== Records for the exercise ==

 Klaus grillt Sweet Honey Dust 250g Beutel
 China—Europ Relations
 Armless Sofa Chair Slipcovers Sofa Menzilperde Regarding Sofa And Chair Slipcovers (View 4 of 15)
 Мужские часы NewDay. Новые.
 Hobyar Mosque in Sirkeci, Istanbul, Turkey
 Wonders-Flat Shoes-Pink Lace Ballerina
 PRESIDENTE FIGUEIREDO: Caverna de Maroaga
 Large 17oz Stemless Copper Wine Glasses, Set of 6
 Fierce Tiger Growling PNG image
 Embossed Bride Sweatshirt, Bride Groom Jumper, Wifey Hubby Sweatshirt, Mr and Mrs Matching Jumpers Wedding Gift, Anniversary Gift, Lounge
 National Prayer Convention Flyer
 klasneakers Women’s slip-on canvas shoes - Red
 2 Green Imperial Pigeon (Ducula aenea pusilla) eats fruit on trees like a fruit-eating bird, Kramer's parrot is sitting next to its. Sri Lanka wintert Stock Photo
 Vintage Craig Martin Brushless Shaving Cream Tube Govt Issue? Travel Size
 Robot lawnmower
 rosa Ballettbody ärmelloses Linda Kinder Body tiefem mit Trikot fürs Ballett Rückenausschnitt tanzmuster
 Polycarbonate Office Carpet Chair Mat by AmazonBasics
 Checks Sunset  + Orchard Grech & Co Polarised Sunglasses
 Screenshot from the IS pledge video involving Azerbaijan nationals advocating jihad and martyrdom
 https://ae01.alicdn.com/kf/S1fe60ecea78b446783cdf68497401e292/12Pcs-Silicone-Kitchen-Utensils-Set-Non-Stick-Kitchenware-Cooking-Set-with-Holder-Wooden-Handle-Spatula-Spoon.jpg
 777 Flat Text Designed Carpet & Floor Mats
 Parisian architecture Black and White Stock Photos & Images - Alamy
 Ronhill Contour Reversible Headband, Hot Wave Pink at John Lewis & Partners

===

Exercise objective: Give an exact copy of the lines above from the line with "PRESIDENTE FIGUEIREDO: Caverna de Maroaga" up to and including the line with "National Prayer Convention Flyer", and leave everything else out.

Response to the task:
 PRESIDENTE FIGUEIREDO: Caverna de Maroaga
 Large 17oz Stemless Copper Wine Glasses, Set of 6
 Fierce Tiger Growling PNG image
 Embossed Bride Sweatshirt, Bride Groom Jumper, Wifey Hubby Sweatshirt, Mr and Mrs Matching Jumpers Wedding Gift, Anniversary Gift, Lounge
 National Prayer Convention Flyer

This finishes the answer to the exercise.